Jeux d’argent et de hasard en ligne : l’IA pourrait permettre d’identifier les joueurs à risque précocement

Une synthèse scientifique réalisée par l'Institut fédératif des addictions comportementales (IFAC).

Identification précoce jeu problématique dans casino en ligne une étude machine learning données compte des joueurs
Image sur Freepik
  1. Pourquoi avoir fait cette recherche ?

Le jeu problématique est un enjeu majeur de santé publique avec des conséquences économiques et sociales importantes. L’essor des jeux d’argent et de hasard en ligne permet de collecter des données détaillées sur le comportement des joueurs, offrant une opportunité unique pour une identification précoce des comportements de jeu à risque.

Cependant, les méthodes habituelles de détection des comportements de jeu problématique présentent plusieurs limites. Les questionnaires autorapportés sont sujets aux biais de sous-déclaration et d’autoévaluation. Le suivi du comportement de jeu (tracking) comme l’analyse des dépôts, retraits et pertes, peut aider à identifier des tendances préoccupantes, mais son interprétation est complexe et nécessite des méthodes d’analyses de données avancées ce qui en fait un outil rarement utilisé pour des détections en temps réel. Enfin, les approches basées sur des seuils fixes, comme définir un montant maximal de dépôt autorisé, manquent de flexibilité et ne tiennent pas compte des profils individuels des joueurs.

Or, les récentes avancées de l’intelligence artificielle en matière de machine learning permettraient aujourd’hui de contourner ces limites.

  1. Quel est le but de cette recherche ?
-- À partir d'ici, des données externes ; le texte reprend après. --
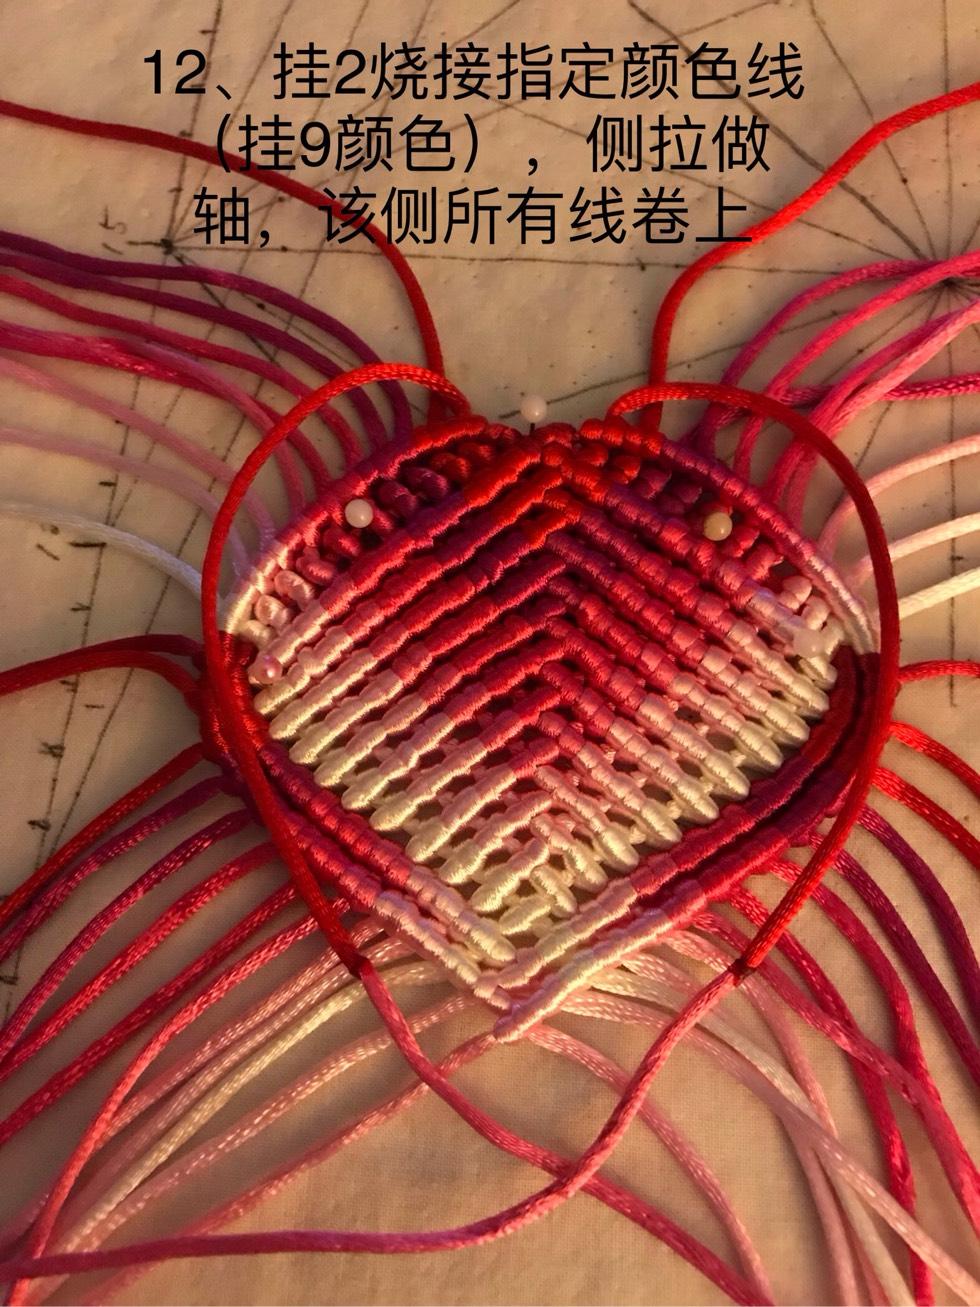 中国结论坛 彩色寿桃过程记录  图文教程区 195100ug4h1ekqhpqekeq0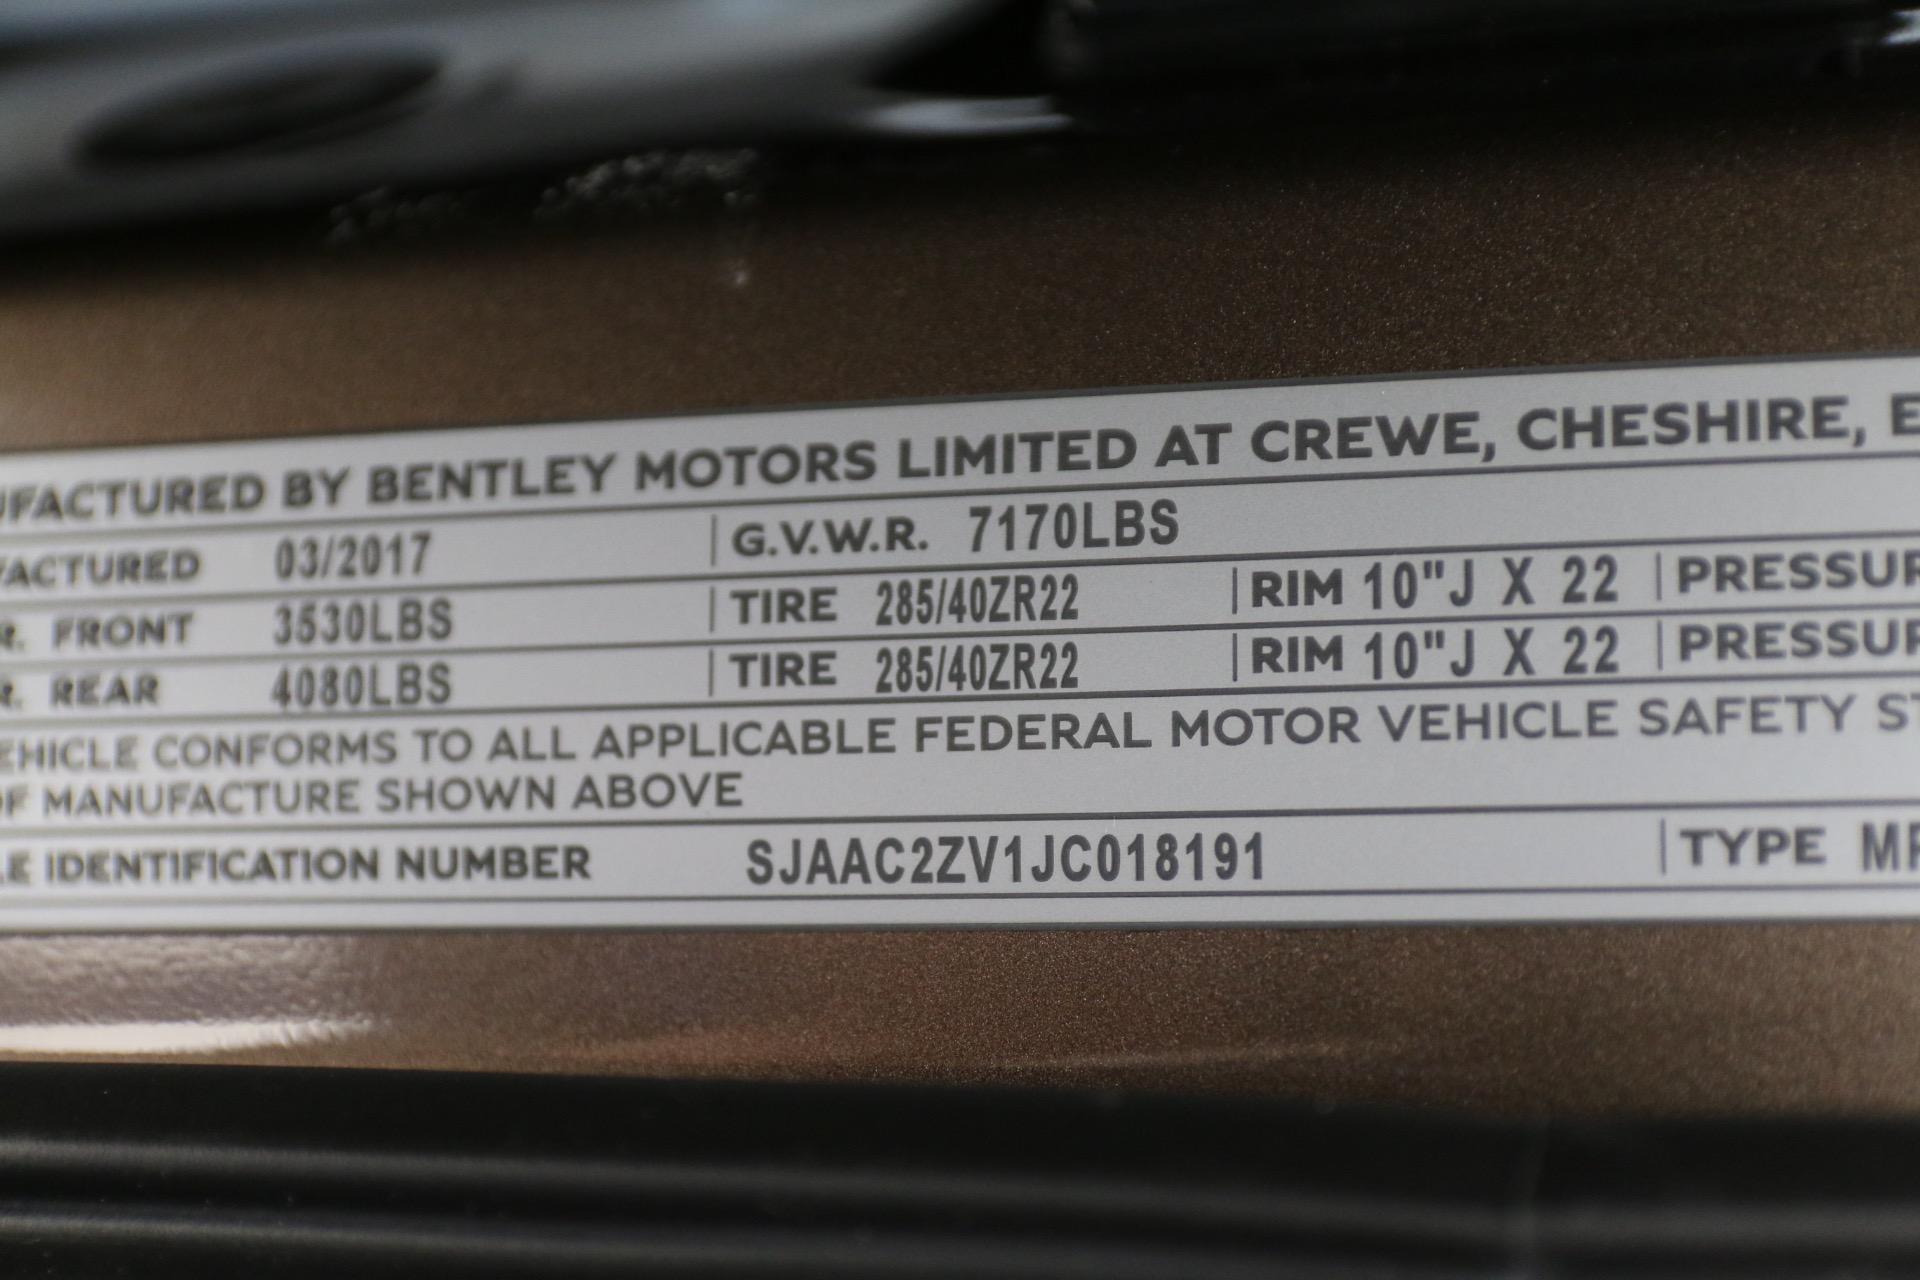 2018 bentley bentayga onyx. Beautiful Onyx New 2018 Bentley BENTAYGA W12 ONYX  Vienna VA In Bentley Bentayga Onyx

L’objectif de cette recherche était donc d’exploiter les techniques de machine learning pour prédire les comportements de jeu problématique à partir des données de compte des joueurs, ainsi que d’évaluer la stabilité temporelle de ces prédictions en réduisant progressivement la quantité de données utilisées pour entraîner le modèle.

Plus précisément, l’étude visait à développer un modèle prédictif basé sur les comportements de jeu (fréquence des paris, pertes, durée des sessions, etc.), à tester si ces prédictions restent robustes lorsque la quantité de données d’entraînement est progressivement réduite (30, 60, 90 jours), et à évaluer la possibilité d’intégrer ces modèles dans des stratégies d’intervention précoce mises en place par les opérateurs de jeux.

  1. Comment les chercheurs ont-ils fait pour répondre à cet objectif ?

Les participants étaient des joueurs basés en Suède (n=35 048) enregistrés sur la plateforme de jeux en ligne LeoVegas, sur une période de 4,5 ans (2019-2023).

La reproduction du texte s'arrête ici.